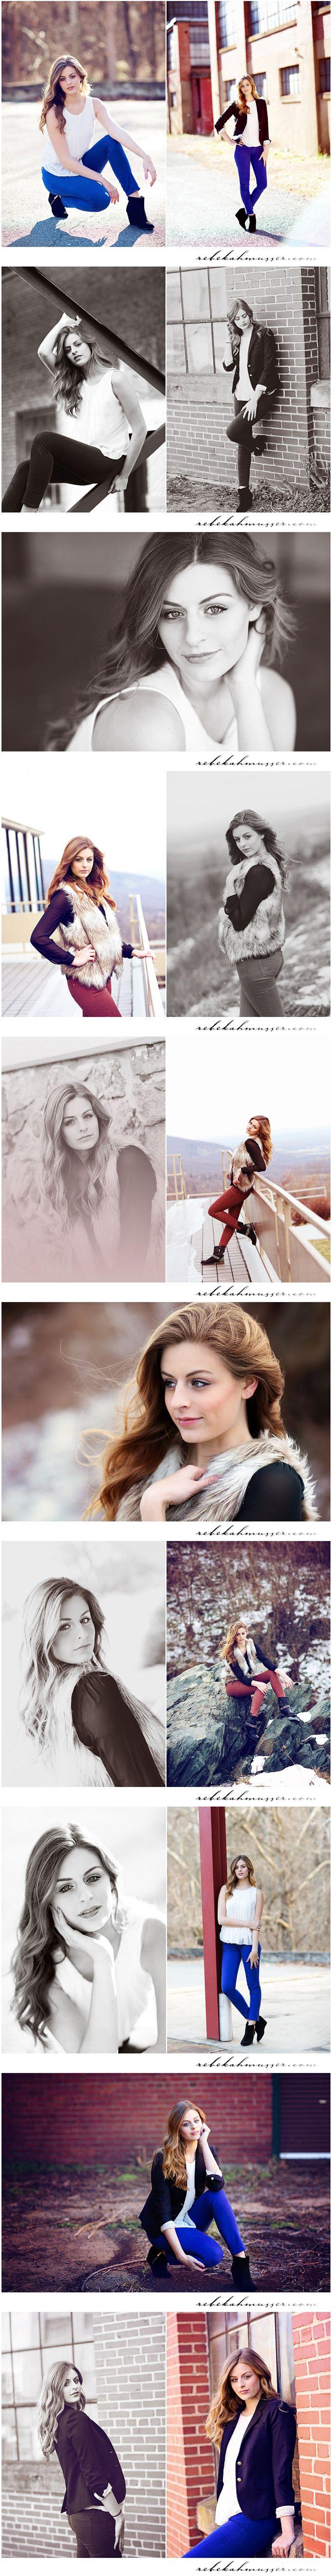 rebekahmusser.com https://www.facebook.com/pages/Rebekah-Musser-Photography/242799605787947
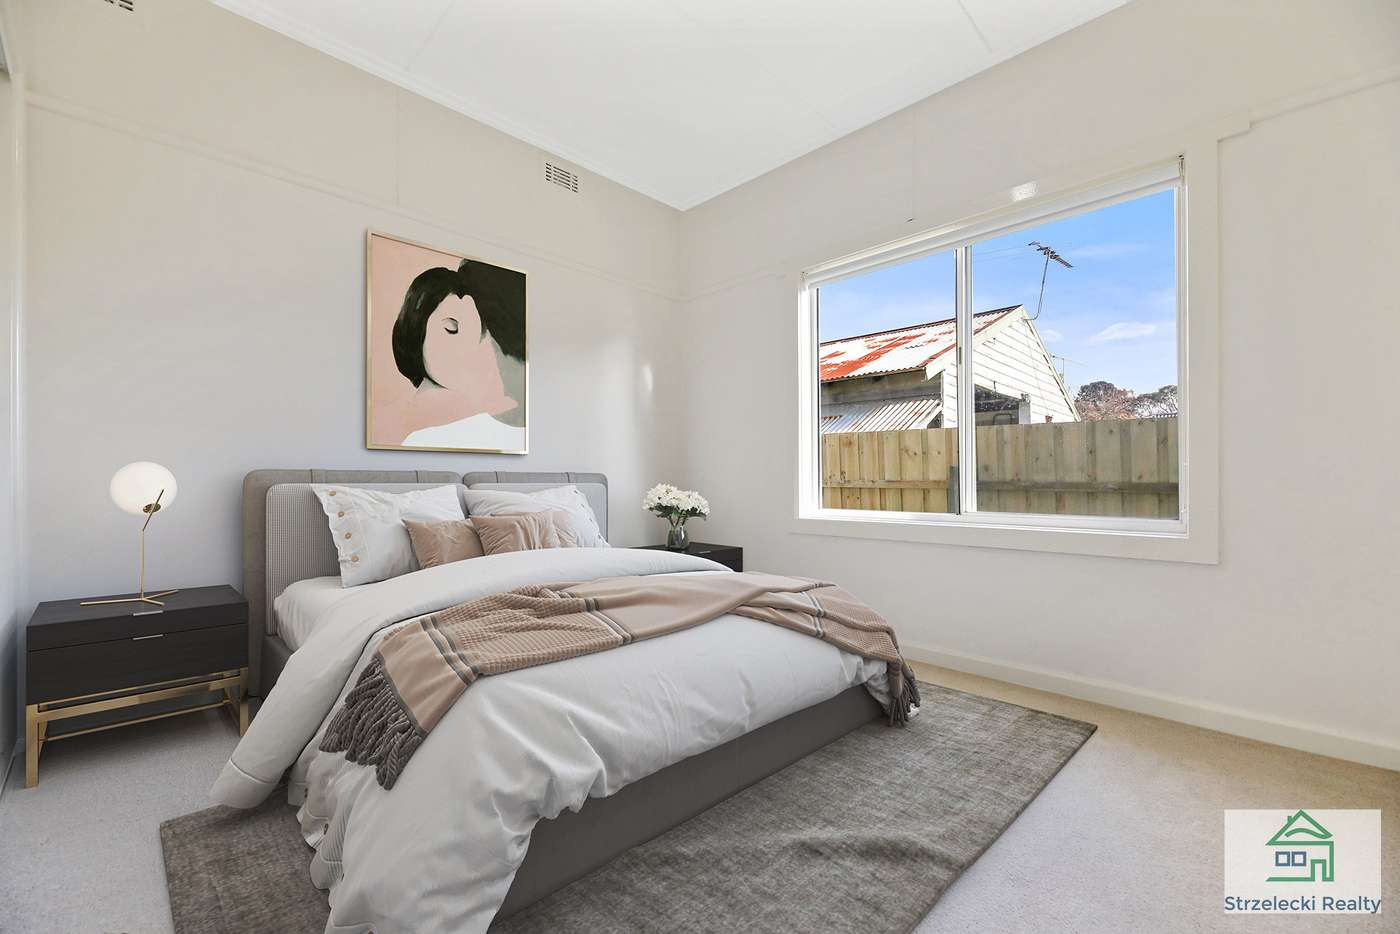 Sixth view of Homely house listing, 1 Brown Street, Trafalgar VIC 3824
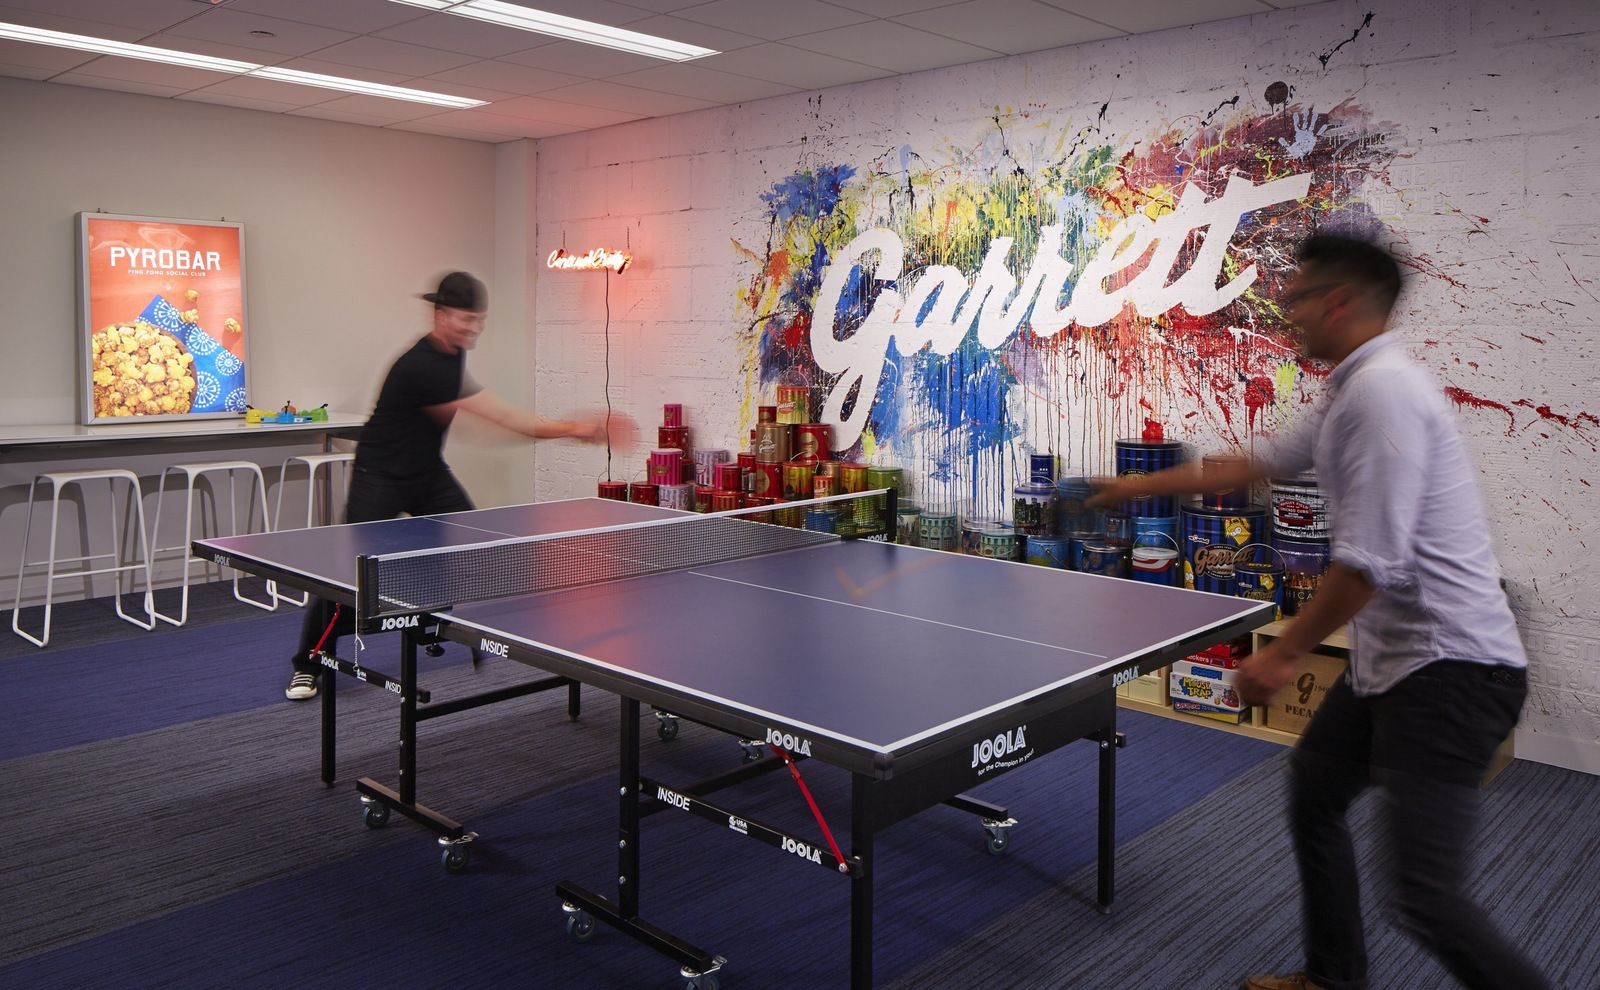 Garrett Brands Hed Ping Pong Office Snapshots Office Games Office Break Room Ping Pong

================

*EXERCISE AIM*. Repeat the material line for line. Pictures stay out of the copy.

*SOLUTION TO THIS EXERCISE*.
 rebekahmusser.com https://www.facebook.com/pages/Rebekah-Musser-Photography/242799605787947
 Sixth view of Homely house listing, 1 Brown Street, Trafalgar VIC 3824
 Garrett Brands Hed Ping Pong Office Snapshots Office Games Office Break Room Ping Pong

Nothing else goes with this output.